Singlaub's 35-year military career included vanguard action and command of various intelligence and special-ops missions in World War II, China, Korea, Vietnam and Latin America. Today, the 88-year old Legionnaire still lectures at the advanced Special Forces course.
Carter was "simply not comfortable with unconventional operations and deemed them too politically risky," Singlaub says. 'Desert One' (the failed mission to rescue hostages from Iran) would prove beyond a doubt the degree to which he let our capabilities atrophy.
"No operation worth doing is without risk.
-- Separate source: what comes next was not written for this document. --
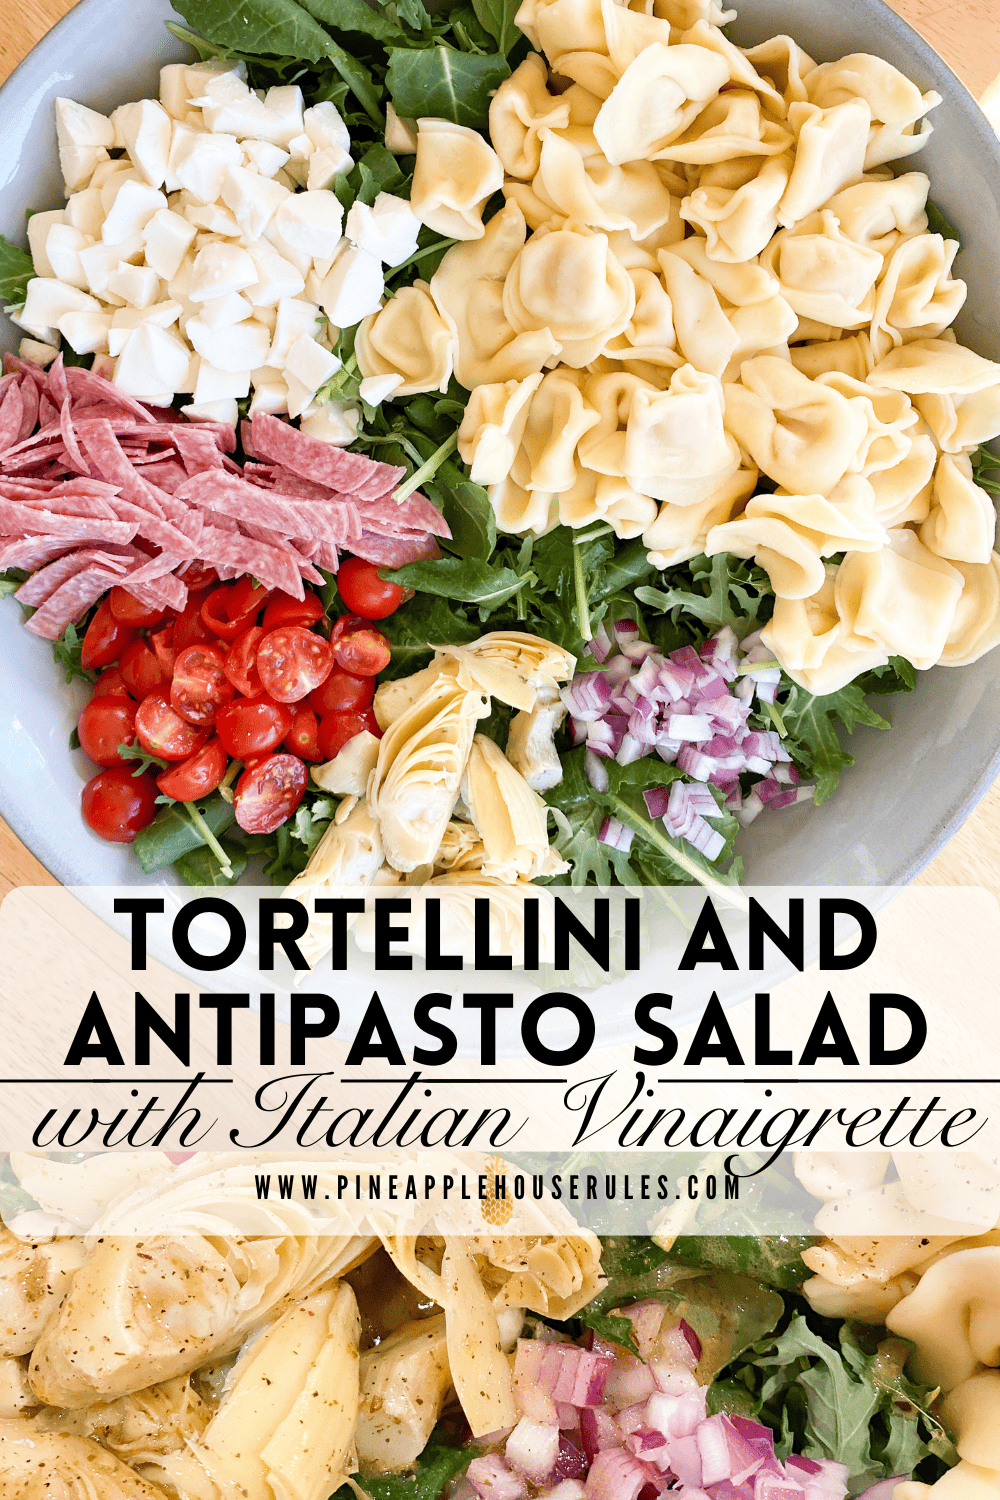 Tortellini and Antipasto Salad with Italian Vinaigrette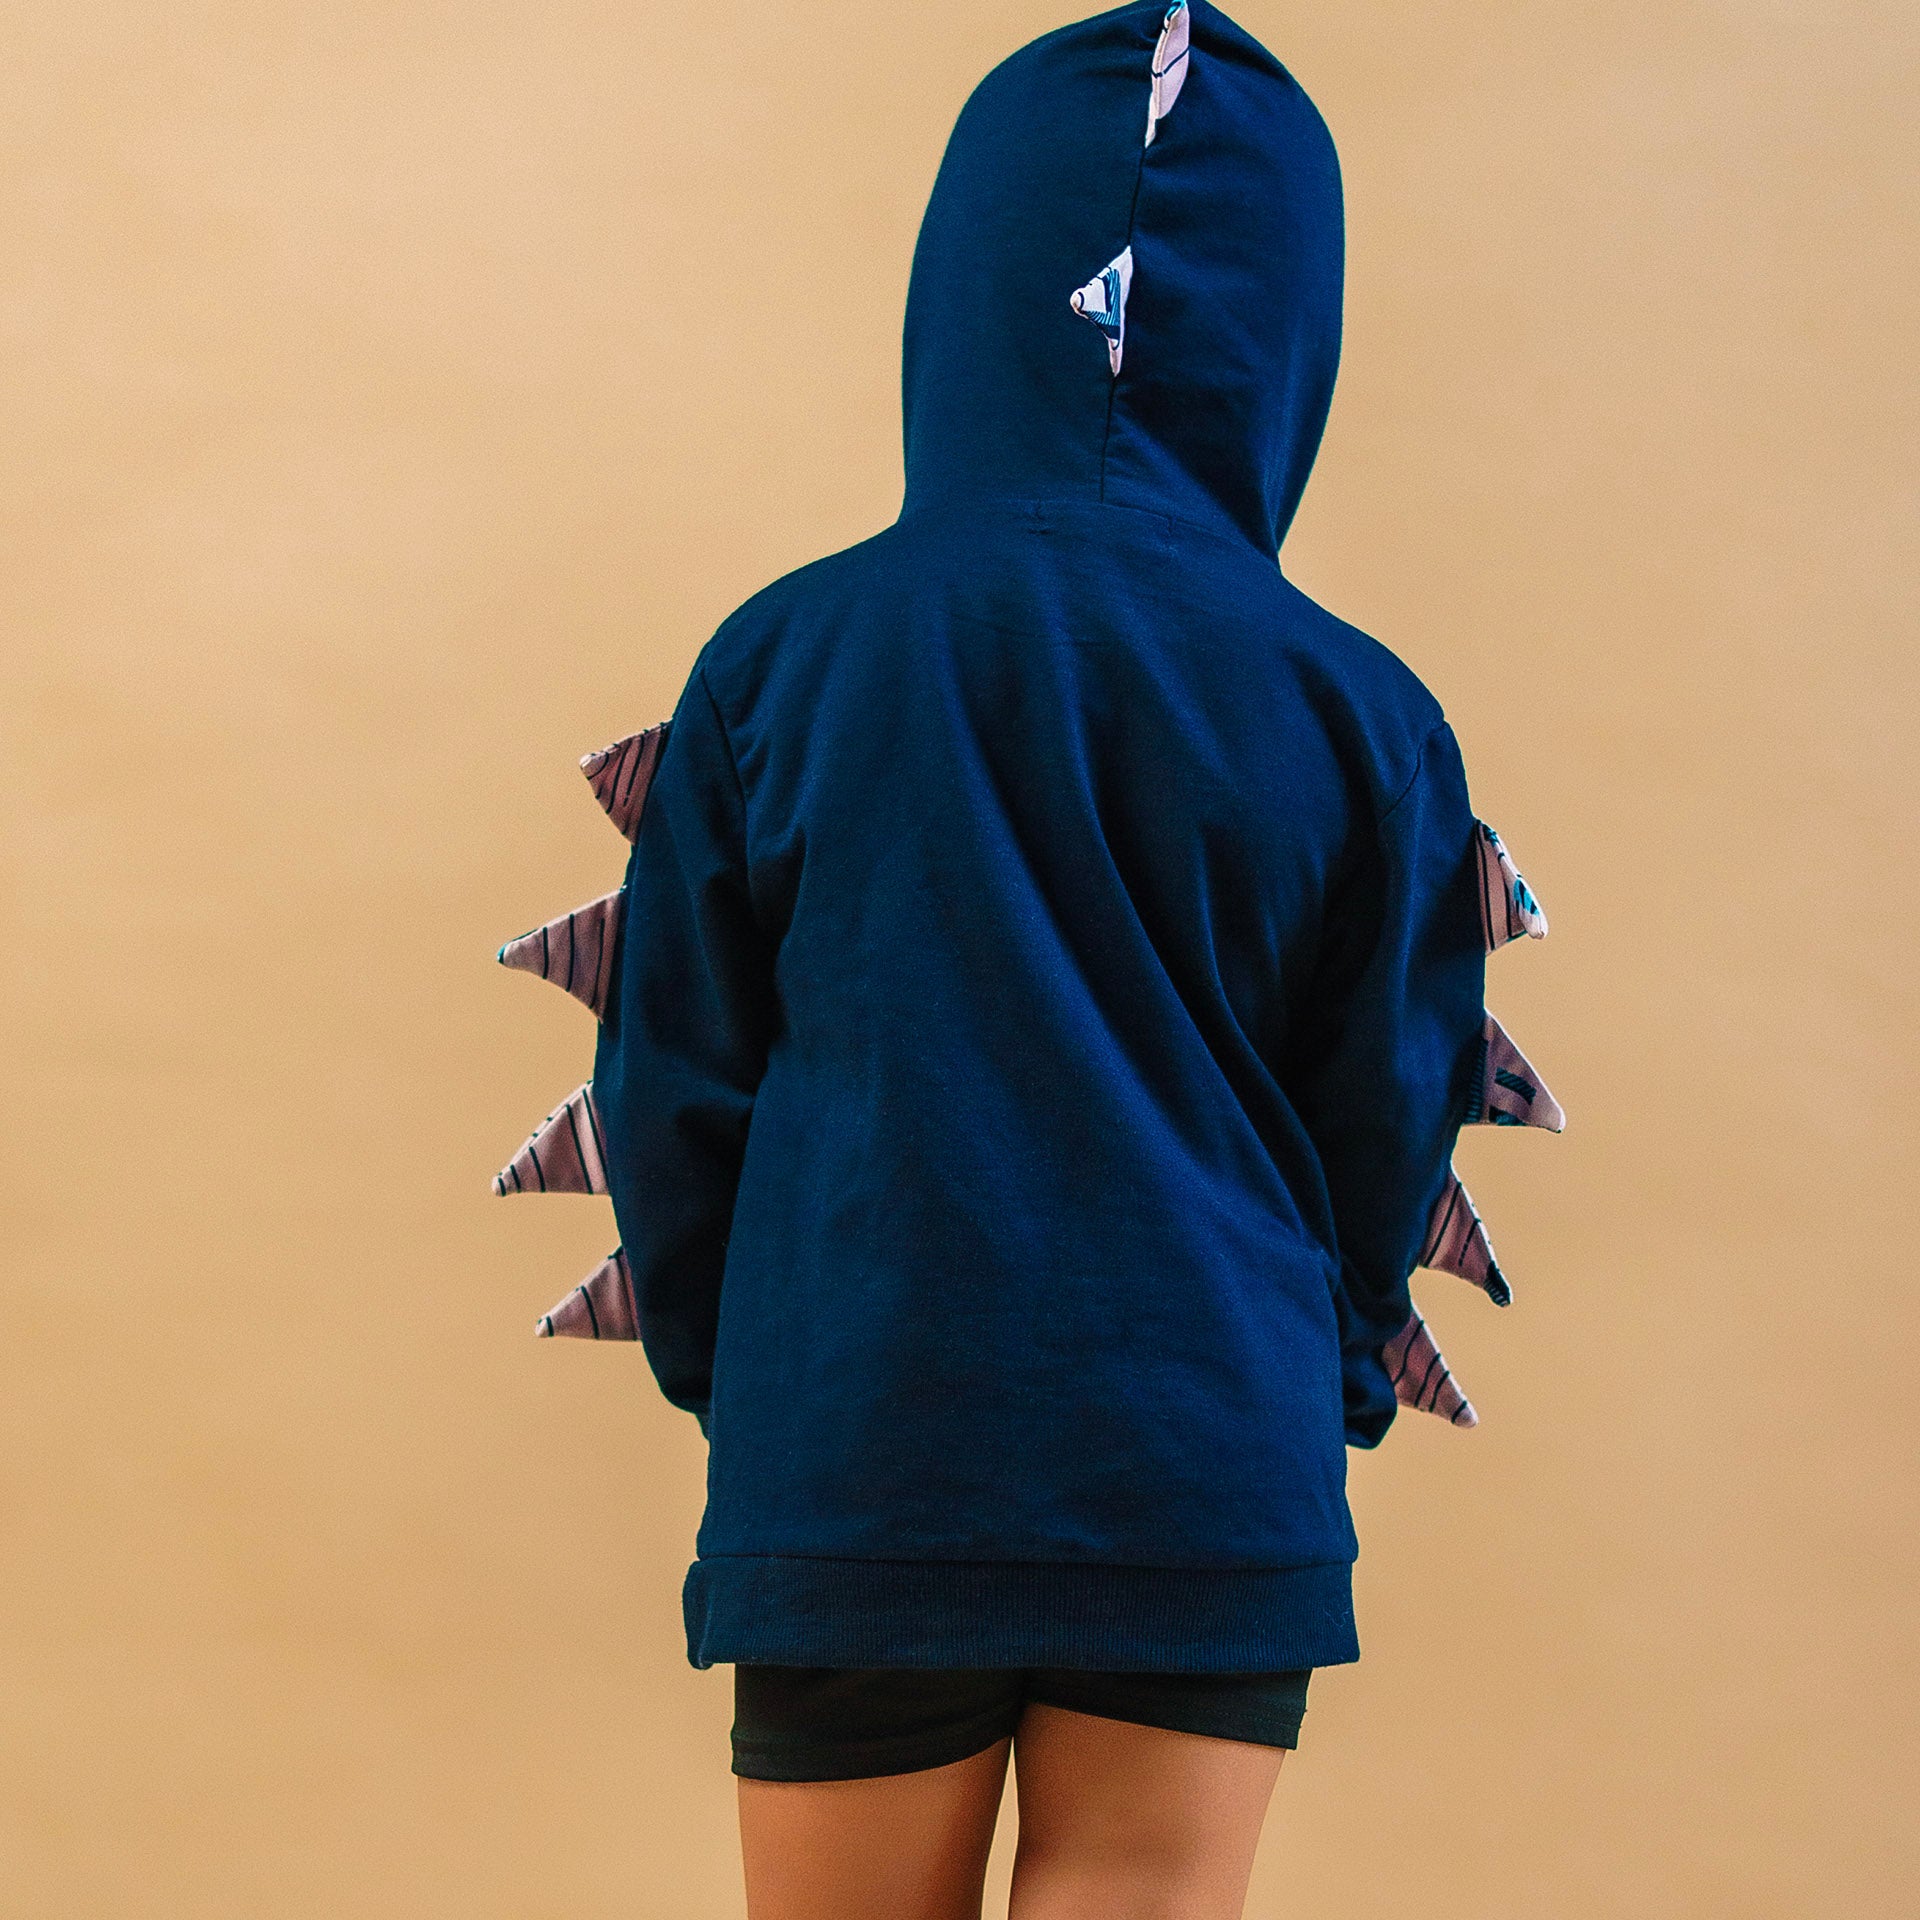 dinosaur hoodie with spikes

If you go out on the street to conduct an operation, and there is no possible downside, you are wasting your time on something that is not worth doing," says Charles Faddis, a retired CIA operations officer who in 2002 ran secret ground teams inside Iraq. "We do not pay men and women of the CIA to do what is safe and secure," says Faddis, who served as department chief at the CIA's Counterterrorism Center and as a chief of station in the Middle East. "Somebody else can do that. We pay them to take risks, to steal what no one thinks can be stolen, to do the impossible."
Faddis' book, "Beyond Repair," paints a jaw-dropping picture of the agency's paralysis, a malaise compounded by Holder's decision to criminally investigate CIA officers, he says. "I have no doubt that the attorney general is a good man," Faddis says. "I have no doubt that he is acting in what he believes to be the country's best interest. I also have no doubt that this action of his in launching this inquiry will have an absolutely catastrophic effect on the CIA and the entire intelligence community."
Maj. Gen. Bill Donovan, OSS founder, recipient of the Medal of Honor and fathger of U.S. intelligence, once said, "If you fall, fall forward." Faddis claims that inside today's CIA, that mantra has mutated into: "don't fall."
"Donovan would not make it in the CIA today," Faddis says. "He would be branded as too aggressive, a cowboy, and someone lacking the requisite corporate attitude. He would in due course, if he decided to stick it out, find himself riding a desk somewhere in a corner at headquarters, shelved, put someplace where he couldn't do any harm.
"Every CIA ops officer who is worth his salt has been prevented by (the) political climate and bureaucracy from doing what has to be done," Faddis says. "As demonstrated by the decision in 1998 to walk away from the attack on bin Laden's Tarnak Farms compound, we have let a lot of targets get away over the years, because someone in headquarters was uncomfortable with the potential downside of the operation."
Faddis recounts a saying he claims has become popular at the Directorate of Operations: "Big ops, big problems; little ops, little problems; no ops, no problems."
What does the current president of the OSS Society think of Faddis' assertions about the agency's current culture? Singlaub, who worked for Donovan, says the status quo of risk aversion is unacceptable and would have made it impossible for him to get anything done in their day. "We need to take a hard look at reforming our intelligence bureaucracy and returning the incentive to take risk," he says.
He suggests a hearing with the House and Senate Select Intelligence committees as a place to start. "Congress and the President need to take some responsibility because these problems start at the top. I witnessed the politicization of intelligence in Korea and every war since. It's not a new phenomenon. Let's bring in the old guys and put the issues out there for the American people. Let's talk openly about what has worked and what hasn't, and why. The shooting at Fort Hood reminds us that good leadership demands tackling thorny issues before they become disasters."
Ilario Pantano is the author of "Warlord: No Better Friend. No Worse Enemy." He has served as a Marine officer in Iraq and as a deputy sheriff in North Carolina. He founded an intelligence advocacy group called Stand With Intelligence and is a member of The American Legion.